Are you still here? Jeannie asked. I thought you were going to talk to the girl, and Nickie replied, ‘All right. Keep your hair on. I will. I’ll do it later. I’ll do it when I’m ready.’
Sometimes she wished Jeannie would shut up and sometimes she wished more than anything that she were here, in the room, sitting by the window with her, watching. They should have grown old together, getting on each other’s nerves properly, instead of bickering over the airwaves like they had to now.

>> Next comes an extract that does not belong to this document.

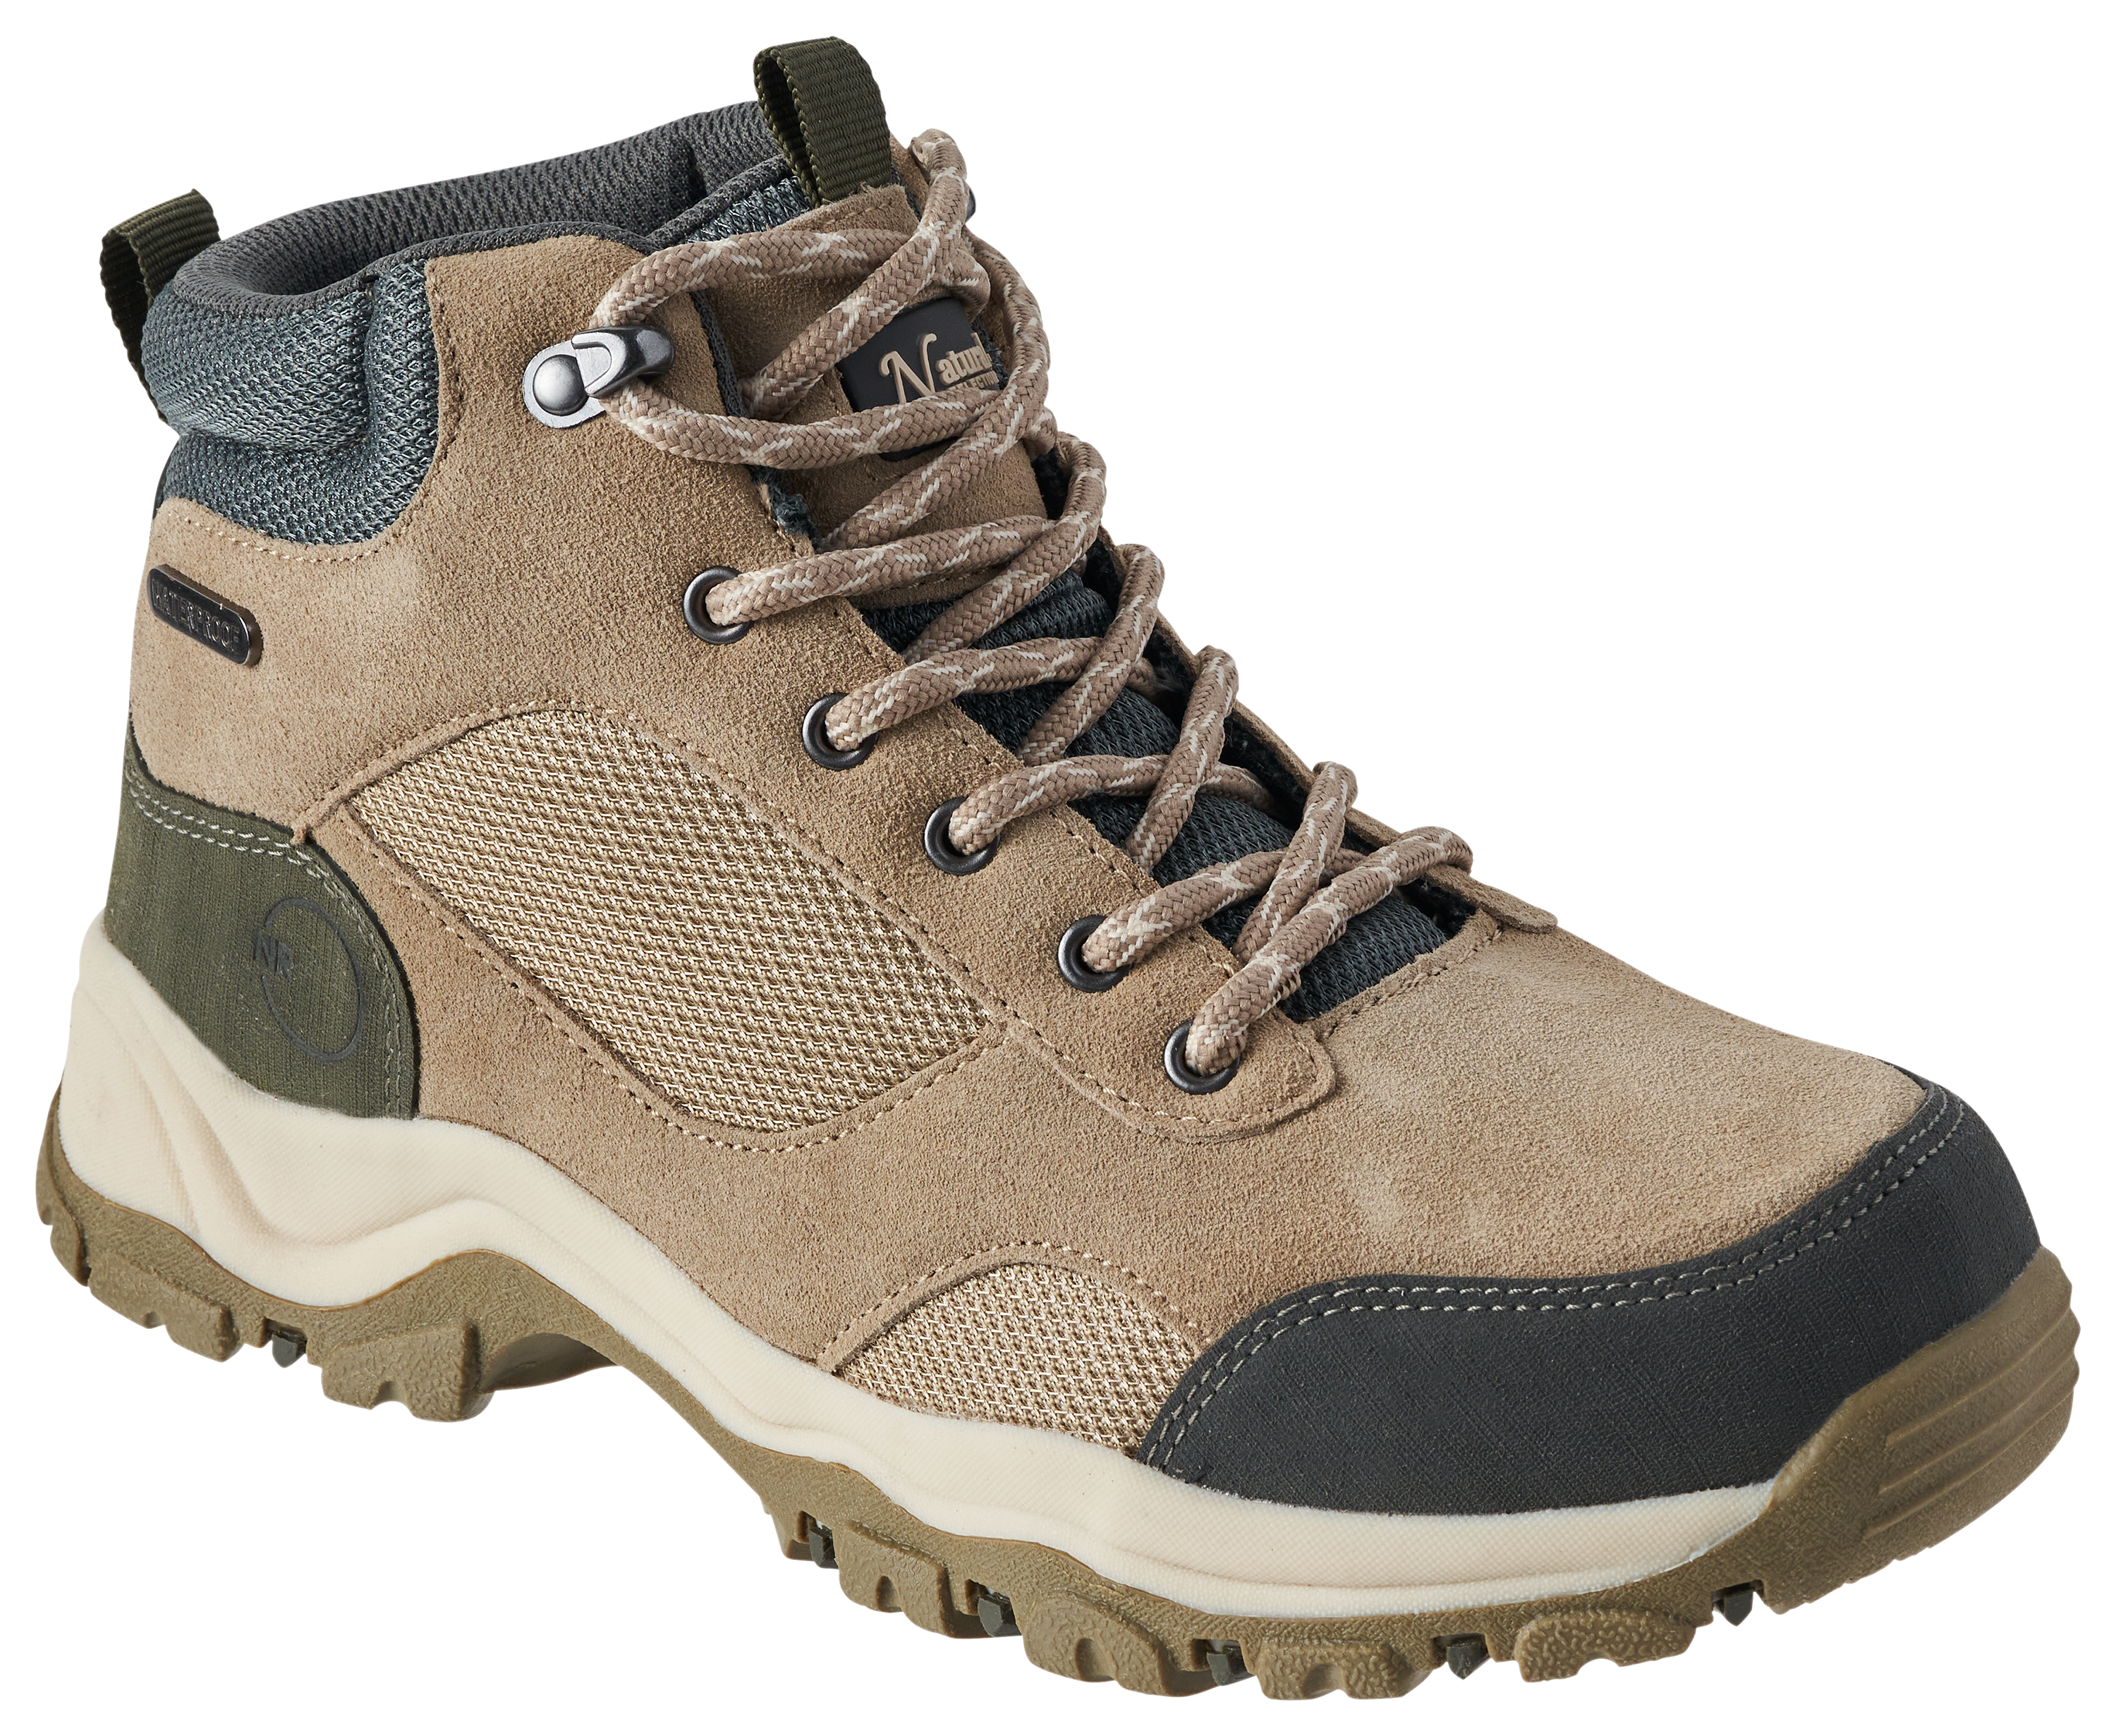 Natural Reflections Skyline II Mid Waterproof Hiking Boots for Ladies - Tan/Charcoal - 6M

Nickie wished that when she pictured Jeannie, she didn’t see her the way she was the last time she came to this flat. It had been just a couple of days before Jeannie had left Beckford for good, and she was pale with shock and shaking with fear. She had come to tell Nickie that Patrick Townsend had been to see her. He’d told her that if she kept on talking like she had been, if she kept on asking questions, if she continued to try to ruin his reputation, he would see to it that she was hurt. ‘Not by me,’ he said, ‘I wouldn’t bloody touch you. I’ll get someone else to do the dirty work. And not just the one fella either. I’ll make sure there’s a few, and that each of them takes his turn. You know I know people, don’t you, Jean? You don’t doubt that I know people who would do things like that, do you, girl?’
Jeannie had stood right there in that room and made Nickie promise, made her swear she’d leave it alone. ‘There isn’t anything we can do now. I should never have said anything to you.’
‘But … the boy,’ Nickie said. ‘What about the boy?’
Jeannie wiped the tears from her eyes. ‘I know. I know. It makes me sick to think of it, but we’ll just have to leave him there. You have to be quiet, say nothing. Because Patrick will do for me, Nicks, and he’ll do for you, too. He’s not messing around.’
Jeannie left a couple of days later; she never came back.
Jules
TELL ME HONESTLY. Wasn’t there some part of you that liked it?
I woke with your voice in my head. It was mid afternoon. I can’t sleep at night, this house rocks like a boat and the sound of the water is deafening. In the day, it’s not so bad somehow. At any rate, I must have fallen asleep because I woke with your voice in my head, asking:
Wasn’t there some part of you that liked it? Liked or enjoyed? Or was it wanted? I can’t remember now. I only remember taking my hand from yours and raising it to hit you, and the look on your face, uncomprehending.
I dragged myself across the hall to the bathroom and turned on the shower. I was too exhausted to undress, so I just sat there, while the room got steamier and steamier. Then I turned off the water and went to the sink and splashed my face. When I looked up I saw, appearing in the condensation, two letters traced on the surface of the mirror, an ‘L’ and an ‘S’. I got such a fright that I cried out.
I heard Lena’s door open and then she was pounding on the bathroom door. ‘What? What’s happening? Julia?’
I opened the door to her, furious. ‘What are you doing?’ I demanded. ‘What are you trying to do to me?’ I pointed back at the mirror.
‘What?’ She looked annoyed. ‘What?’
‘You know very well, Lena. I don’t know what you think you’re trying to do, but—’
She turned her back on me and started to walk away. ‘Christ, you’re such a freak.’
I stood there staring at the letters for a while. I wasn’t imagining things, they were definitely there: LS. It was the sort of thing you used to do all the time: leave me ghostly messages on the mirror or draw tiny pentagrams in red nail polish on the back of my door. You left things to scare me. You loved to freak me out and you must have told her that. You must have, and now she was doing it, too.
Why LS? Why Libby Seeton? Why fixate on her? Libby was an innocent, a young woman dragged to the water by men who hated women, who heaped blame on them for things that they themselves had done. But Lena thought you went there of your own volition, so why Libby? Why LS?